Elucidating the energy transfer process in mononuclear and binuclear lanthanide complexes of the anti-inflammatory drug ibuprofen: From synthesis to high luminescence emission

Abstract

This work presents the synthesis, solid state characterization and complete photoluminescence study of three new important classes of lanthanide complexes containing the non-steroidal anti-inflammatory drug (NSAID) Ibuprofen. The analytical and spectroscopic data reveals the formation of nine complexes with the general formula [Ln(Ibf)3(H2O)2], [Ln2(Ibf)6(bpy)2] and [Ln2(Ibf)6(phen)2] (Ln=EuIII, GdIII and TbIII, Ibf=Ibuprofen ligand, bpy=2,2′- bipyridine and phen=1,10-phenanthroline).

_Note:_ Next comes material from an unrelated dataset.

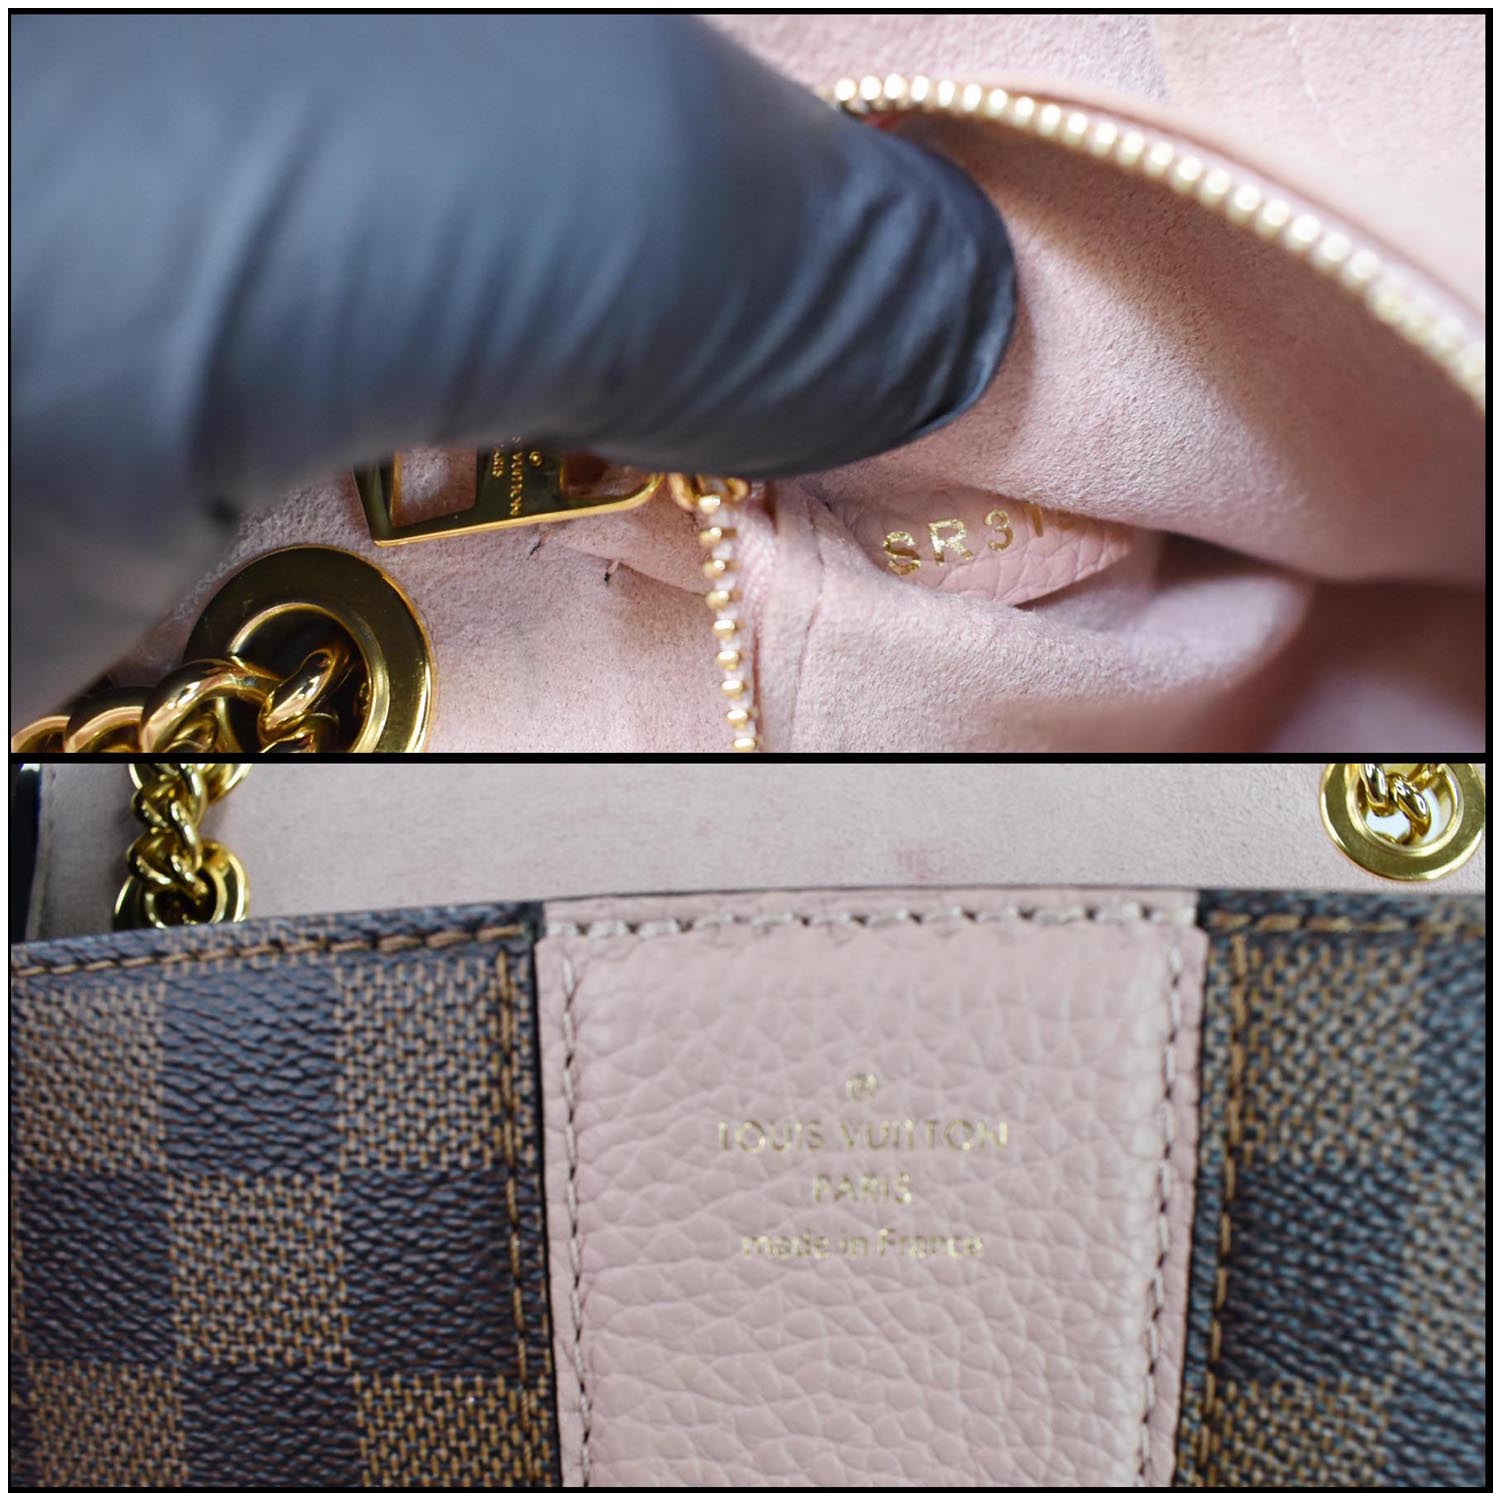 What's Best For You Louis Vuitton Alma Bb Damier Ebene Or Bond Street Bb  With Magnolia Leather?

The molecular structures of the EuIII complexes were calculated using the RM1 model, and your optimized ground state geometries were used to calculated all details involved in the energy transfer process and compared with experimental data. The phosphorescence measurements of the GdIII complexes, allowed the identification of the lowest ligand triplet state, proving that the photoluminescence in the EuIII and TbIII Ibuprofen complexes is proposed to be a ligand sensitized luminescence process. The presence of N,N-donors (bpy or phen) in the structure of the EuIII Ibuprofen complexes results in an 3 to 4-fold increase in the quantum efficiency when compared with the EuIII complex without N,N-donors ligands. The high emission quantum efficiency (η=69–80%) for EuIII complexes showed that they can be potential candidates as emitters in biologic assays.